Background information
- Born: 15 May 1972 (age 54) Mumbai, India
- Origin: India
- Genres: Indian classical, Hindustani Classical (Raag Sangeet)-Khayal, Thumri-Dadra and allied forms, Religious, Folk, Confluence & Cross Cultural
- Occupations: Harmonium player, Composer
- Instrument: Harmonium
- Years active: 1983–present

= Sudhir Nayak =

Sudhir Nayak (सुधीर नायक, ಸುಧೀರ್ ನಾಯಕ್, born 15 May 1972) is an Indian classical Harmonium player, a disciple of Pandit Tulsidas Borkar and Pandit Jitendra Abhisheki. He is also a music composer of repute and is constantly engaged in teaching music to students regularly and also through workshops and interactive sessions.

==Early life==
Sudhir Nayak (b. 15 May 1972) was born to Kota Sarvottam Nayak and Suvarny Nayak in Mumbai. His parents hailing from the South Canara district of Coastal Karnataka, later moved to Mumbai.

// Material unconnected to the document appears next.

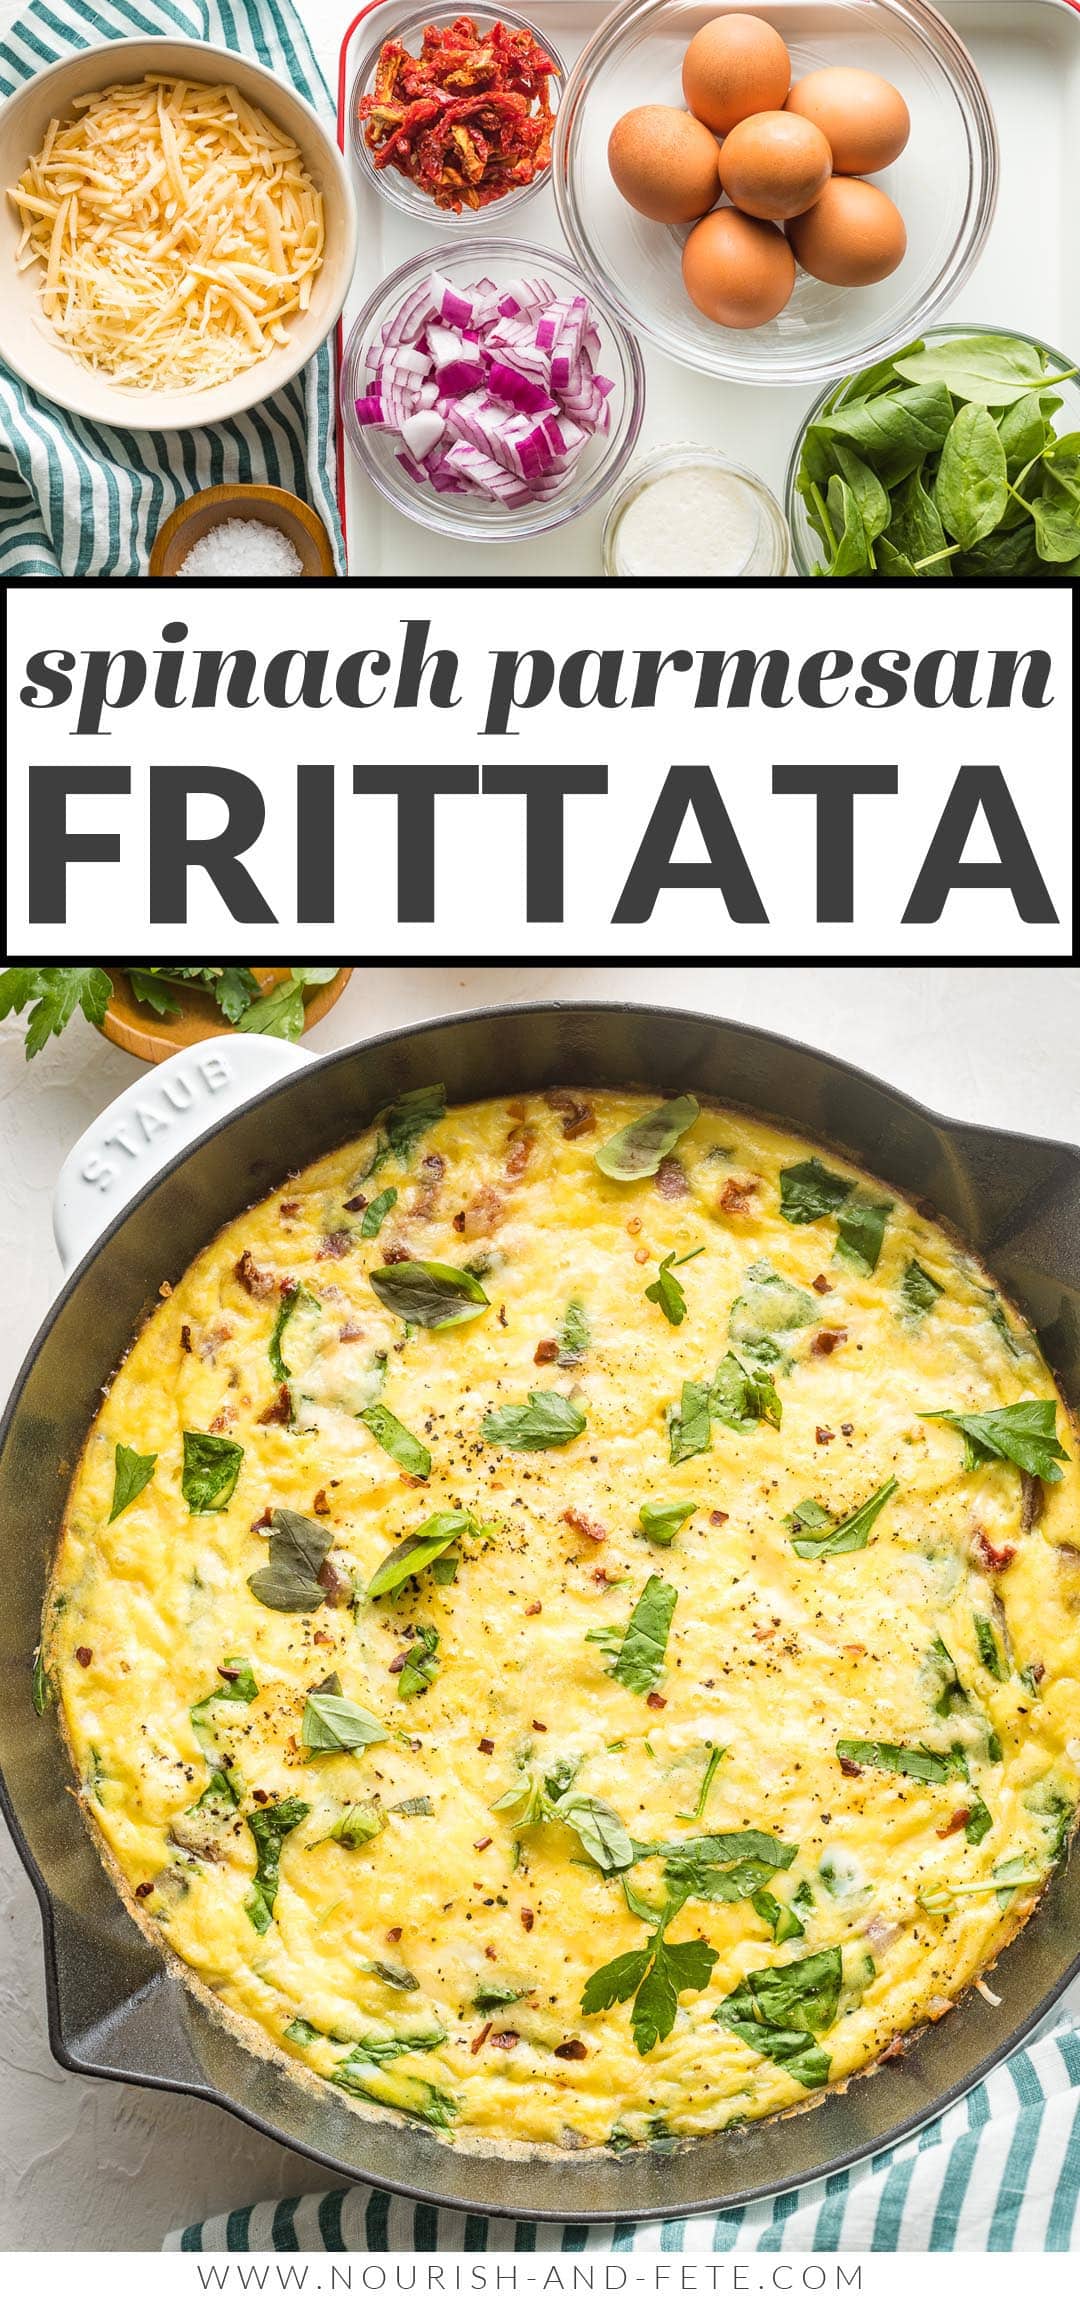 Spinach Parmesan Frittata - Best for Brunch or Dinner! - Nourish and Fete

His father K. S. Nayak retired from his services as a Banker with Canara Bank and is currently engaged in the practice and propagation of Vipassana meditation under the aegis of the Vipassana International Academy.

Sudhir's mother, Suvarny Nayak is also engaged in teaching music and also performs religious and devotional songs in Hindi, Marathi, Kannada, Konkani, etc. through music concerts.

Sudhir Nayak holds a bachelor's degree in commerce from Pune university studying at MES's Garware College of Commerce, Pune.

==Music education ==
Following his father's inclination, Sudhir was introduced to Indian music at the age of eleven, when Sudhir and his brother started learning the Tabla from Pandit Madhukar Samant of Goregaon, Mumbai at his music class named 'Swar- Ninad' which facilitated Sudhir to listen and relate to sounds of different musical instruments taught at the class. In the meantime, he also got acquainted with Hindustani Raag Sangeet through Pandit Pundalik Prabhu who used to visit their residence to teach vocal music to his mother.

But Sudhir's actual initiation in Music followed his association with the legendary Harmonium maestro Pandit Tulsidas Borkar in 1983 when Borkarji started frequenting to his residence to teach Marathi Natya Sangeet to his mother. The captivating persona of Pandit Tulsidas Borkar and the subtle touches used by him while playing the Harmonium coupled with the grace with which he approached the instrument, deeply attracted young Sudhir to pursue learning the art from him. Seeing Sudhir's fascination, Borkarji accepted Sudhir as his disciple which enabled Sudhir to learn and imbibe the stylistic techniques used by his Guru and grand Guru Pandit P. Madhukar (Madhukar Pednekar) greatly influencing and enriching Sudhir's style of exploring the Harmonium as a solo instrument apart from playing it as an accompanying instrument for vocal music.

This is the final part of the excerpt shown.